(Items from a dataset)
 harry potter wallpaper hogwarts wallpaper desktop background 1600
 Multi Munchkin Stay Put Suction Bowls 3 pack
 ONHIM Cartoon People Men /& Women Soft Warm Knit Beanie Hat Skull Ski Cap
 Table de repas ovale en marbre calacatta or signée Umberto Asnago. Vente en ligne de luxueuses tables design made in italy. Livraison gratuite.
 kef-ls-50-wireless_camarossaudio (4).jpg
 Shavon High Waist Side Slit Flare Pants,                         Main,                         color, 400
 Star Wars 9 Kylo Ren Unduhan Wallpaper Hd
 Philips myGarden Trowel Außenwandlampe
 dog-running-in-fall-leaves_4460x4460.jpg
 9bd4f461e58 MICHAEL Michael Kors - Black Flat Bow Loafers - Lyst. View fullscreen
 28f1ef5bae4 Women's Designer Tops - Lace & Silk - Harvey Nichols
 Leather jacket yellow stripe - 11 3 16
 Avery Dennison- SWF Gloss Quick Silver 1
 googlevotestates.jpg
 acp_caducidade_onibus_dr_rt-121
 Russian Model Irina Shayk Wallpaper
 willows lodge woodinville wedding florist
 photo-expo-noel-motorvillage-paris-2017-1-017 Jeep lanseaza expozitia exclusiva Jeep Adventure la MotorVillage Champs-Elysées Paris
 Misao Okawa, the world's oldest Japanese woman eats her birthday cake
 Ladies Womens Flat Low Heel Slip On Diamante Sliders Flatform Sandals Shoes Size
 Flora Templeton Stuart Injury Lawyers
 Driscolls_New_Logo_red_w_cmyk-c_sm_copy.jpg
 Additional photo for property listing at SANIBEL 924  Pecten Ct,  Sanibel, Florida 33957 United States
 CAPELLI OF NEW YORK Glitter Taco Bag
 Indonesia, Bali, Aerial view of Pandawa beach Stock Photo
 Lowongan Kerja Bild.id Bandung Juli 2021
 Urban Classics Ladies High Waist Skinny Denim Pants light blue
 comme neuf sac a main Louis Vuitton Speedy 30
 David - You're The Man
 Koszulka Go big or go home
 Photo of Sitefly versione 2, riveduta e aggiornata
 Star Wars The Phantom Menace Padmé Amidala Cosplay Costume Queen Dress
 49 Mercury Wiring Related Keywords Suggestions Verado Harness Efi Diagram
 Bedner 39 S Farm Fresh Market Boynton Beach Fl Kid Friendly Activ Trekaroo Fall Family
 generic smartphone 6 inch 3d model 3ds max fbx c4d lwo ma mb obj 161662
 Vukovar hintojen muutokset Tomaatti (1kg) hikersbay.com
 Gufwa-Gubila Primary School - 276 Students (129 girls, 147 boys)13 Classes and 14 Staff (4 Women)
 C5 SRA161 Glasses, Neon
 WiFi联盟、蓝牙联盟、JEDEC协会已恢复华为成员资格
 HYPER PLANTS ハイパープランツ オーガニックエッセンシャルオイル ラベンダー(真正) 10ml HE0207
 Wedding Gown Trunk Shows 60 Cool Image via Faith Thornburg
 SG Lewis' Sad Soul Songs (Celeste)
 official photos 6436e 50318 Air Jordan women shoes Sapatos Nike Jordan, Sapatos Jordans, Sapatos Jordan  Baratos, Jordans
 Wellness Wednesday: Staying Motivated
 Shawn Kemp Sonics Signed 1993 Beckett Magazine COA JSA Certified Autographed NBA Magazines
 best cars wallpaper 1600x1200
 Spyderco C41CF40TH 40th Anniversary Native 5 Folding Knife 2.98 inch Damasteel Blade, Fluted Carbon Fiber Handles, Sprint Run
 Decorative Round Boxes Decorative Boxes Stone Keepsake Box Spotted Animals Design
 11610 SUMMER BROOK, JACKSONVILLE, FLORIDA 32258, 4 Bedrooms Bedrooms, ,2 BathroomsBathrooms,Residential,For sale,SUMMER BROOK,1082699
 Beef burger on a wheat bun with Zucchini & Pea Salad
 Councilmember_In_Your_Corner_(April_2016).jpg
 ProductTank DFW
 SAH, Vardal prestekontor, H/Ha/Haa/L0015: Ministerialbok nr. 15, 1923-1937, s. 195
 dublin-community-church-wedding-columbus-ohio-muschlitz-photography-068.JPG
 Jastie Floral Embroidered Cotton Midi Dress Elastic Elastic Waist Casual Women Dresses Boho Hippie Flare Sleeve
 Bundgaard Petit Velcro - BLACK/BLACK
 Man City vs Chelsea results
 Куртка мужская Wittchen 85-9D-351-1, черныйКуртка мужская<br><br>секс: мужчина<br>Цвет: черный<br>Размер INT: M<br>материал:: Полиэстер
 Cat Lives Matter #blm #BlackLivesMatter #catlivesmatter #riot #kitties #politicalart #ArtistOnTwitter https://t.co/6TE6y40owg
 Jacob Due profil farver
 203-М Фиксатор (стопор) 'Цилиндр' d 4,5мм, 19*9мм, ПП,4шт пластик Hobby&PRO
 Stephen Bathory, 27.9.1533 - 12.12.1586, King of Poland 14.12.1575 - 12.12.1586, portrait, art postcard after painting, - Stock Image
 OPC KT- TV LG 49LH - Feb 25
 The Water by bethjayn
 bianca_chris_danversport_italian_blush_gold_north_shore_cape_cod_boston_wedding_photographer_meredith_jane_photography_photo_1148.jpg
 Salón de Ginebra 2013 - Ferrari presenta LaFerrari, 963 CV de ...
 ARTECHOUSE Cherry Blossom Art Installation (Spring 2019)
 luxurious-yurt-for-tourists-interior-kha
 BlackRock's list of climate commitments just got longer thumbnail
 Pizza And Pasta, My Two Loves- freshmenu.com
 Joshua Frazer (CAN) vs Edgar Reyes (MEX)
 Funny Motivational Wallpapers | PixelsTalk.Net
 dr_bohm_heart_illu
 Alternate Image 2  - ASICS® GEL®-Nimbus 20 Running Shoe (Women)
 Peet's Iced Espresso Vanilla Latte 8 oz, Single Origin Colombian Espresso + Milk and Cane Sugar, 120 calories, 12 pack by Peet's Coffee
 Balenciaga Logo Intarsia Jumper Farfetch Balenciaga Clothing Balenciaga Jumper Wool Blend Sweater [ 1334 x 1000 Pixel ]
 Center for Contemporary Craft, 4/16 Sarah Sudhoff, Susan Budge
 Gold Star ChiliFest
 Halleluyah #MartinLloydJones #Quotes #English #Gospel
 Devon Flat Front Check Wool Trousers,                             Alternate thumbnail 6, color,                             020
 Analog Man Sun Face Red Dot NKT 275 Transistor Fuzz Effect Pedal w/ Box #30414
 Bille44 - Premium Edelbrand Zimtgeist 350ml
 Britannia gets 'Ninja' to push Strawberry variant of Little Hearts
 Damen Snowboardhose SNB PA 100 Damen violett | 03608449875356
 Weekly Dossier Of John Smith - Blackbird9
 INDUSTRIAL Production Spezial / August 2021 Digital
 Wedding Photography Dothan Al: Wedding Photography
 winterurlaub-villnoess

WHAT NEEDS TO BE DONE: All that should be written out is the stretch of lines above between the one holding "HYPER PLANTS ハイパープランツ" and the one holding "Wellness Wednesday: Staying Motivated", inclusive, exactly as given.

RESULT FOR THIS TASK:
 HYPER PLANTS ハイパープランツ オーガニックエッセンシャルオイル ラベンダー(真正) 10ml HE0207
 Wedding Gown Trunk Shows 60 Cool Image via Faith Thornburg
 SG Lewis' Sad Soul Songs (Celeste)
 official photos 6436e 50318 Air Jordan women shoes Sapatos Nike Jordan, Sapatos Jordans, Sapatos Jordan  Baratos, Jordans
 Wellness Wednesday: Staying Motivated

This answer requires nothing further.